---------- Supplied material ----------

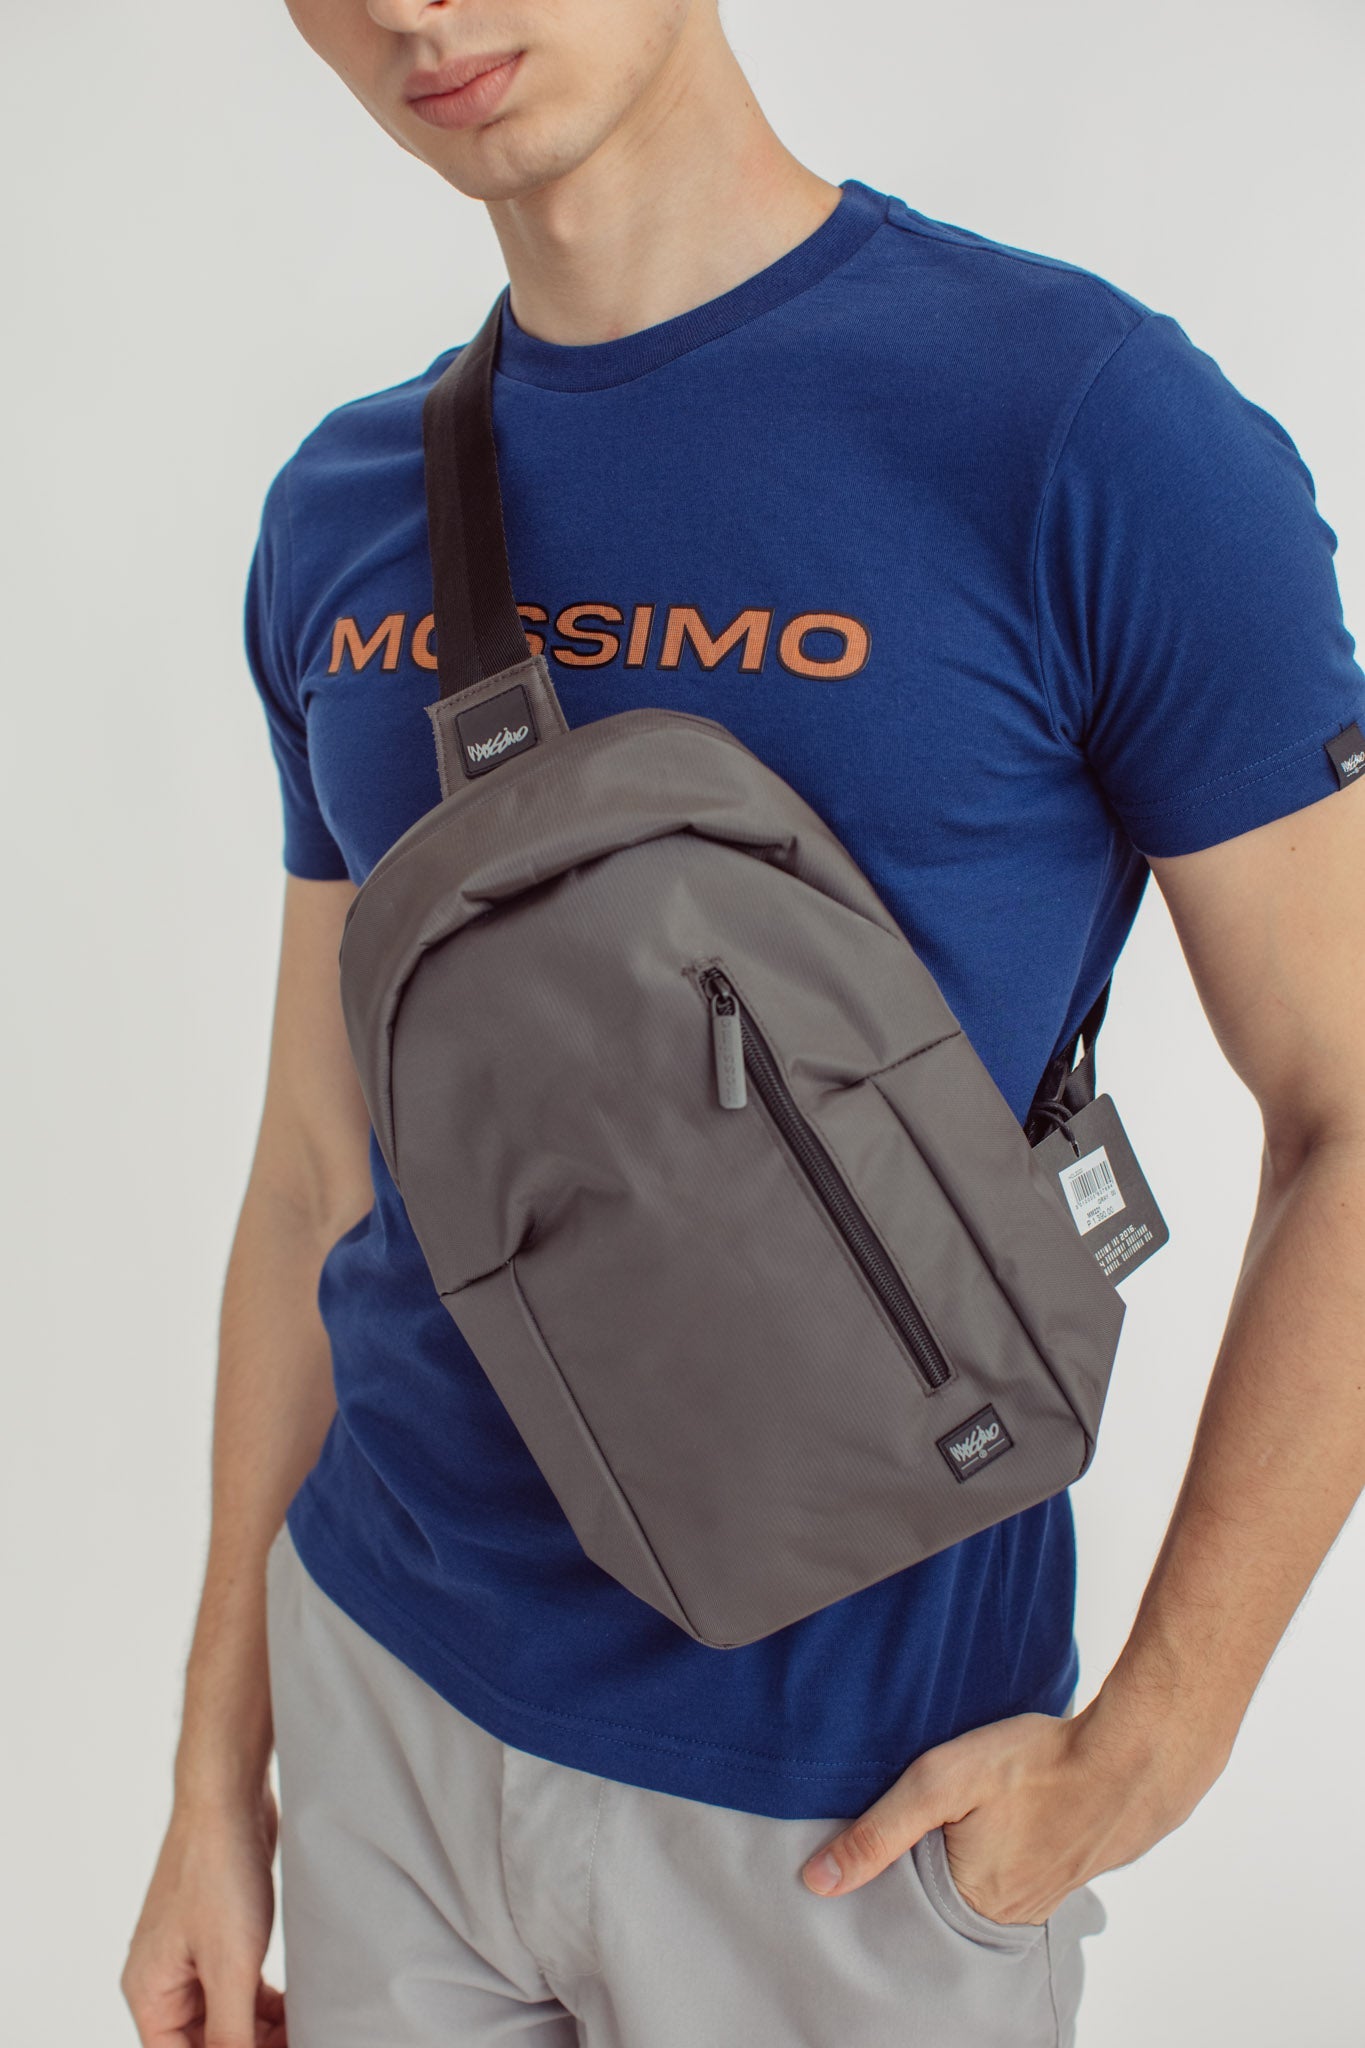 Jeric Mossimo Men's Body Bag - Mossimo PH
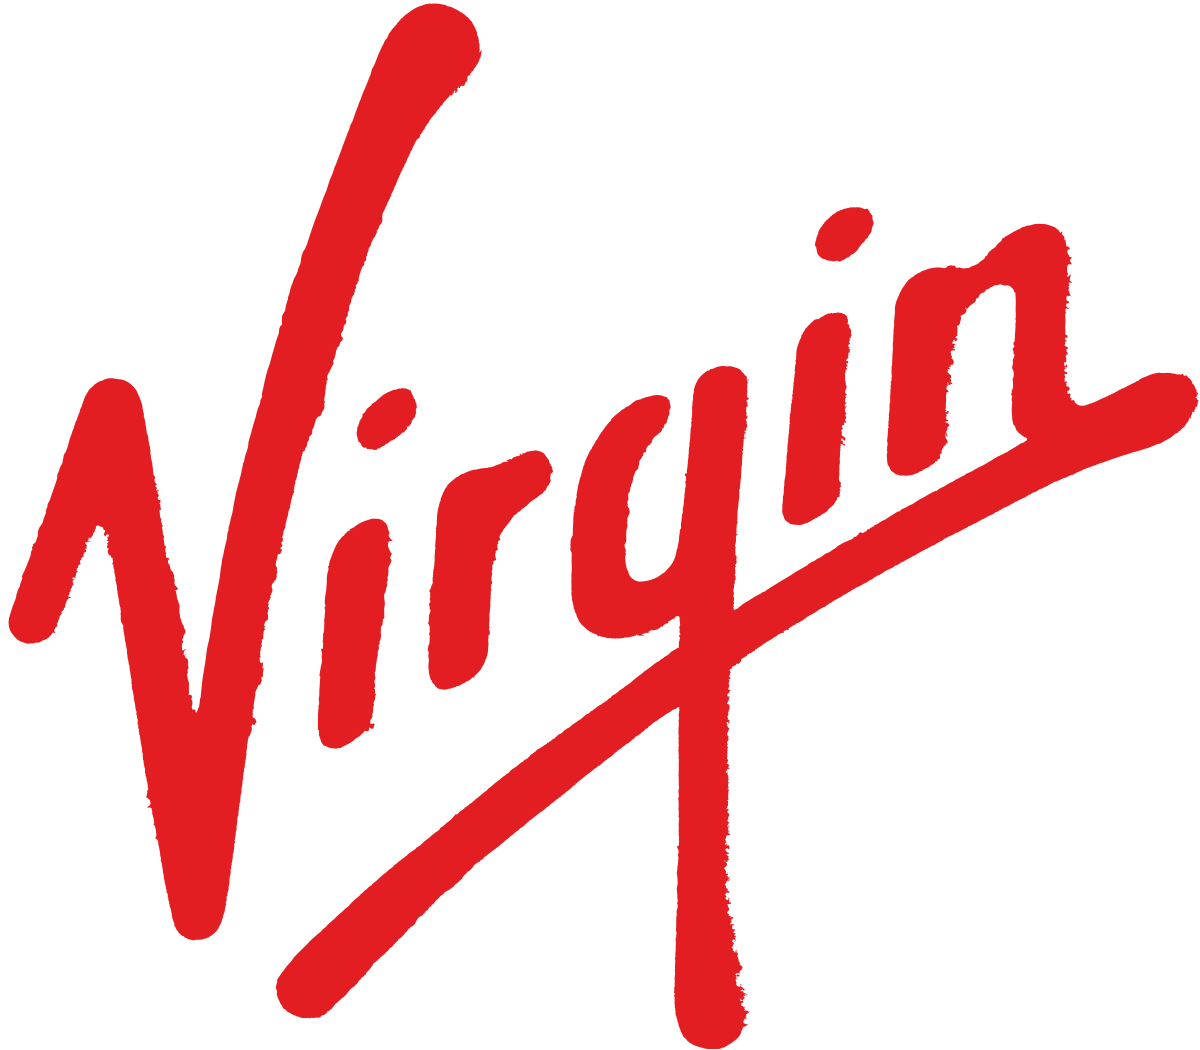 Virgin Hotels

----------
---------- Supplied material ----------

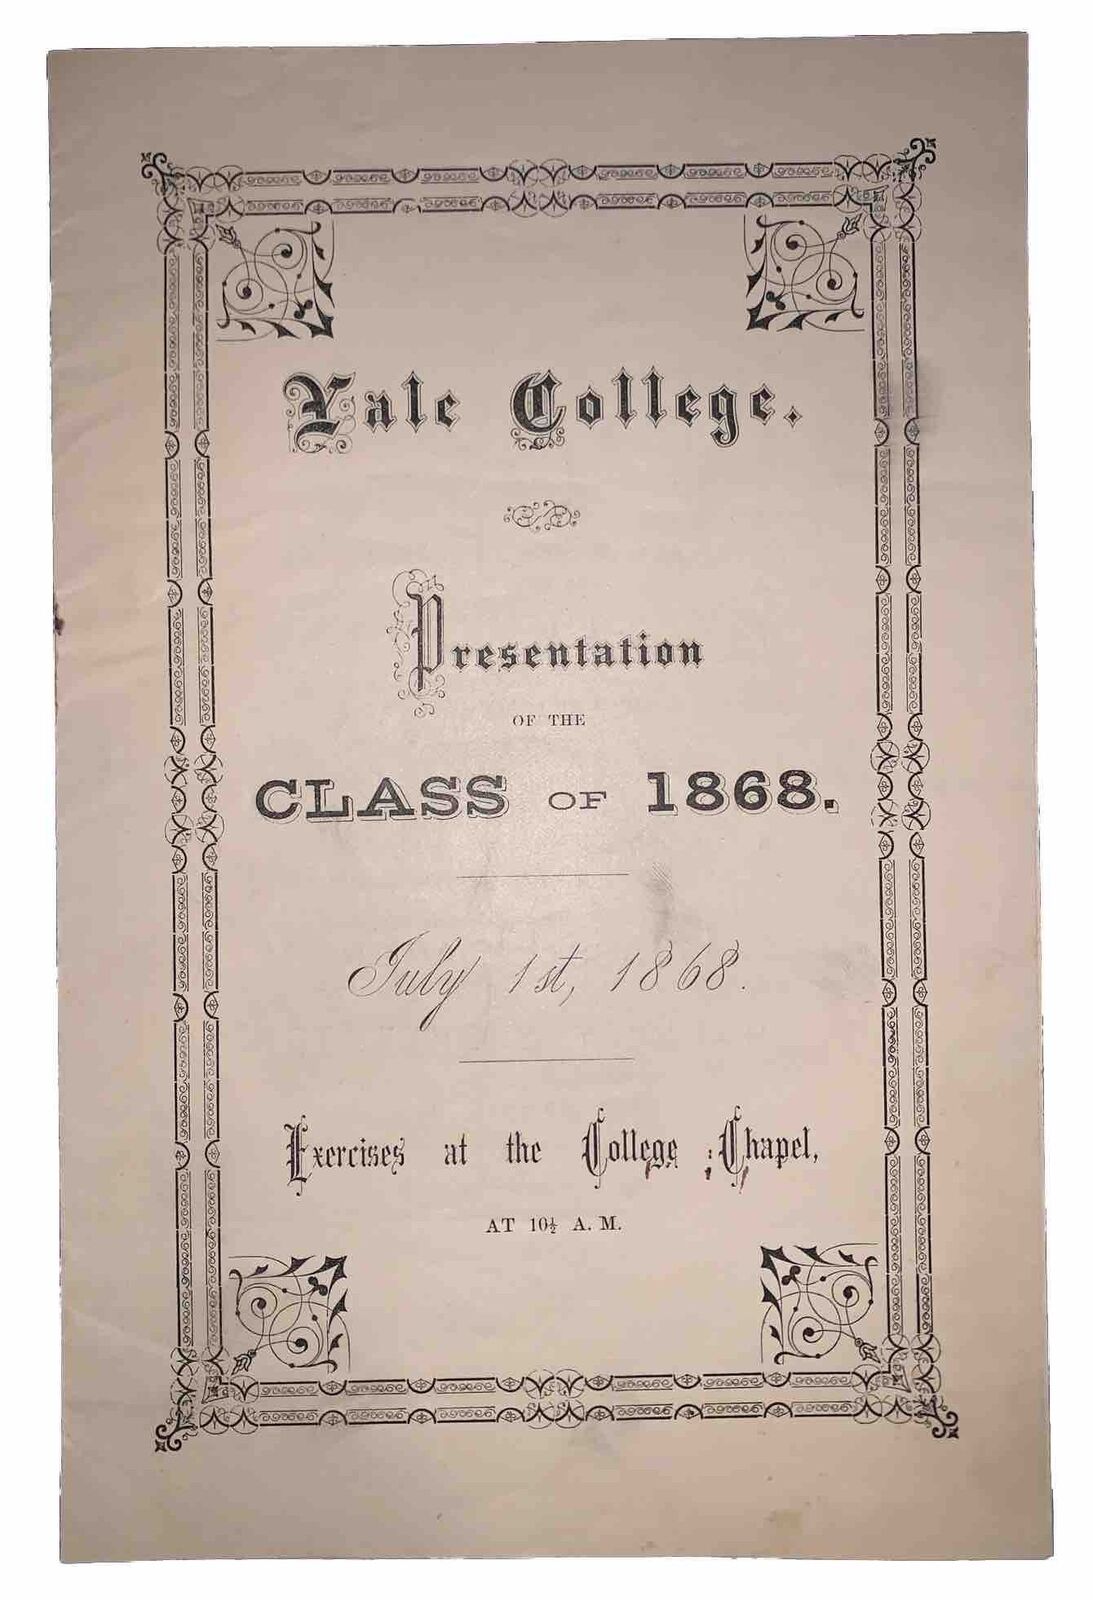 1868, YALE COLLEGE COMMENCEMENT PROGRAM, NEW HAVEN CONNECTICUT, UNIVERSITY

----------
---------- Supplied material ----------

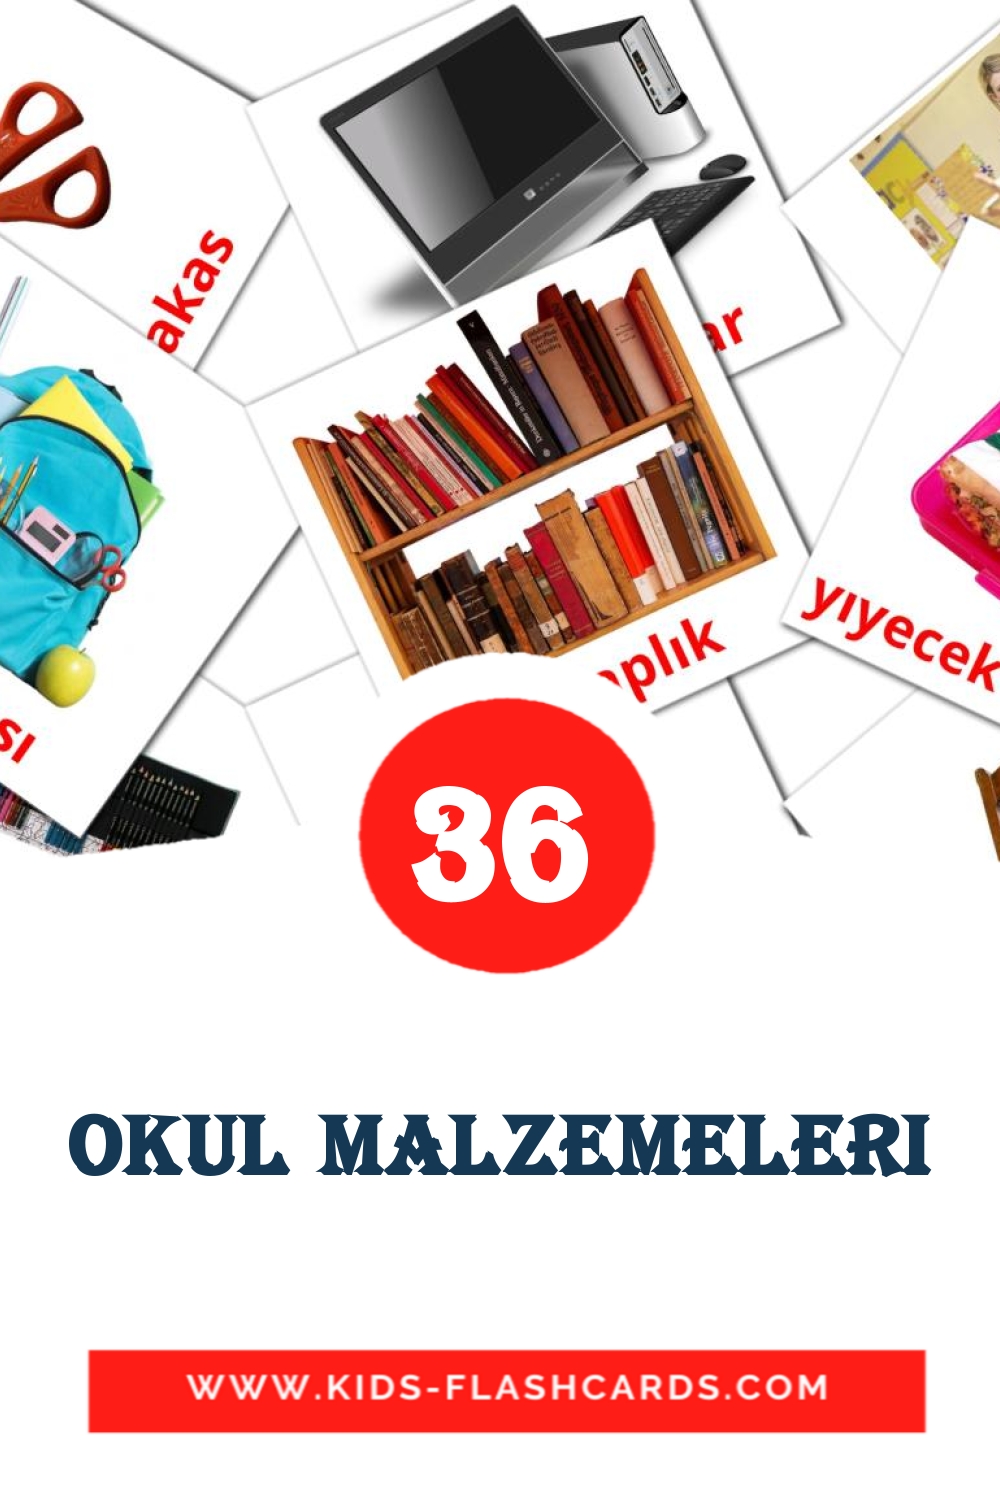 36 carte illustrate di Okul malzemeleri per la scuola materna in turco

----------

Task statement:
For the entries above, print exactly the lines between the one with "Jeric Mossimo Men's Body Bag - Mossimo PH" and the one with "Virgin Hotels", inclusive, with no pictures.

Solution to this task:
 Jeric Mossimo Men's Body Bag - Mossimo PH
 Virgin Hotels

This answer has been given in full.